Por otro lado, el Índice de Ventas al Detalle es uno de los principales indicadores estadounidenses para señalar patrones de consumo interno. Al medir todas las ventas de bienes que tienen lugar a nivel minorista, proporciona datos sobre las tendencias existentes entre los minoristas. El cálculo no cubre la venta de servicios y las cifras no están ajustadas a la inflación.

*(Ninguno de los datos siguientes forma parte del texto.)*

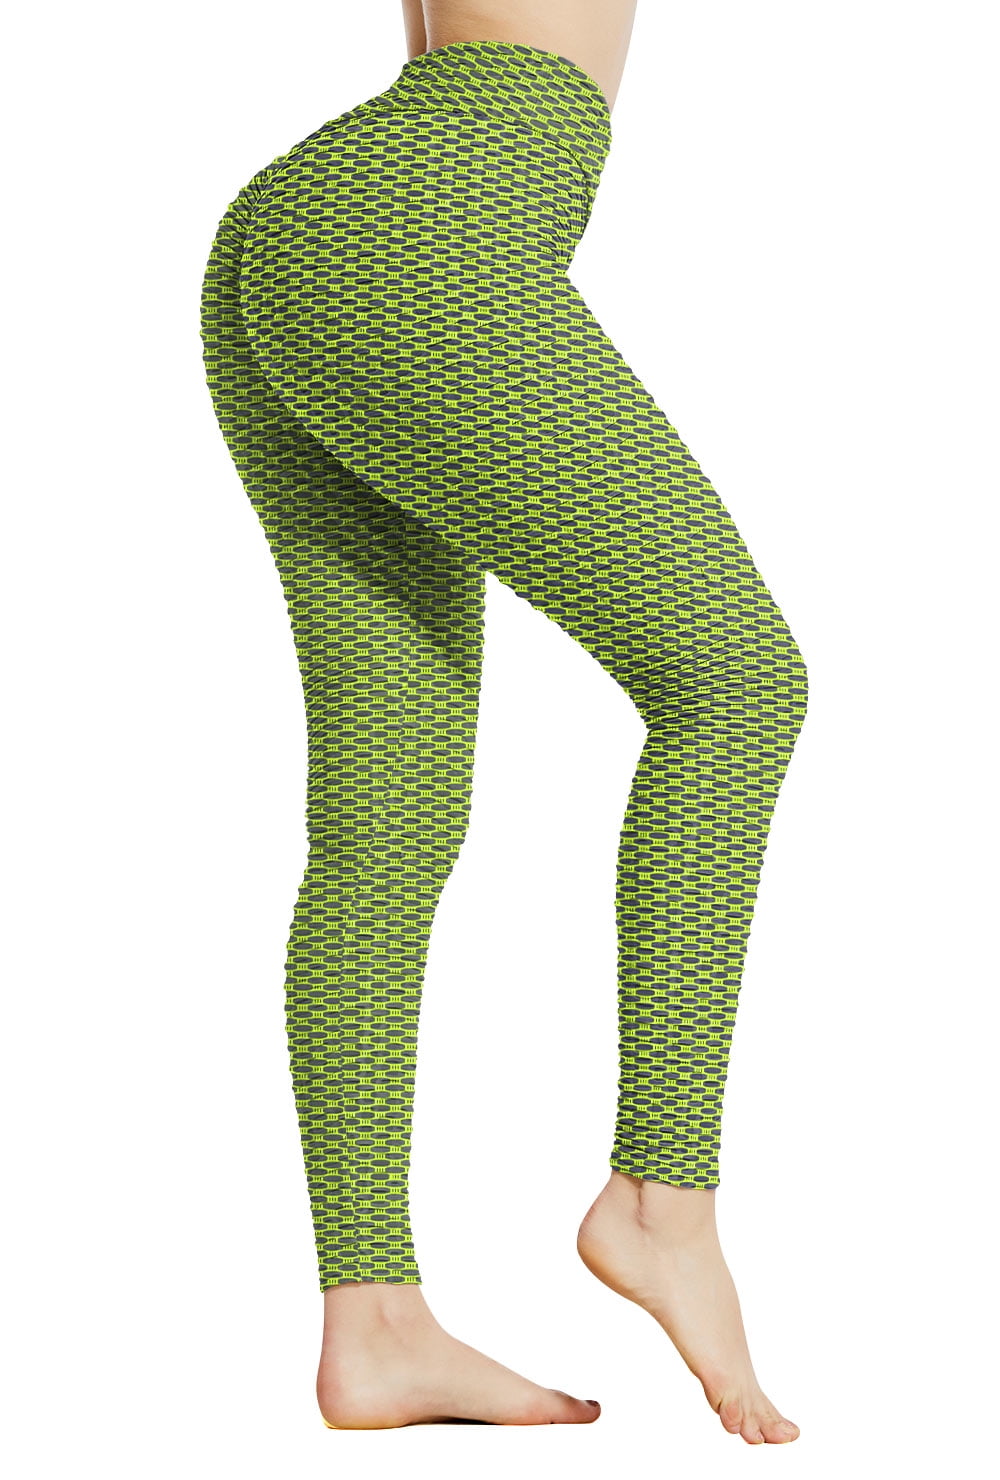 Yoga Pants For Women Womens Stretch Yoga Leggings Fitness Running Gym  Sports Full Length Active Pants - Walmart.com

Otro de los principales indicadores económicos estadounidenses relacionado con el consumo interno es el Índice Sobre Ingresos y Consumo Personal (Personal Income & Consumption), que valora los ingresos de todo tipo que reciben los hogares y el gasto en consumo, desglosado en bienes duraderos, no duraderos y servicios. Este dato se publica de forma mensual y su valor repercute en los mercados ya que a mayores ingresos, mayor consumo, lo que promueve las ganancias de las empresas.
A nivel más global, cubriendo todas las transacciones está la Balanza Comercial, de la que hablamos en el apartado del análisis fundamental. Este indicador se logra restando el valor de las importaciones de un país al de sus exportaciones y por lo tanto proporciona información relevante sobre una parte esencial de la actividad económica de un país. Su importancia para poder predecir movimientos en el mercado es de vital importancia, ya que aporta numerosas señales sobre el estado de la economía.
Por último señalaremos el índice que mide las Órdenes de Bienes Duraderos. Es elaborado por el gobierno estadounidense y mide la cantidad en dólares de las órdenes, envíos y órdenes no completadas de bienes duraderos (por bienes duraderos se entiende equipos nuevos o usados cuya vida útil será igual o superior a los tres años). Este índice da pistas sobre la demanda más o menos fuerte, el consumo y el empleo.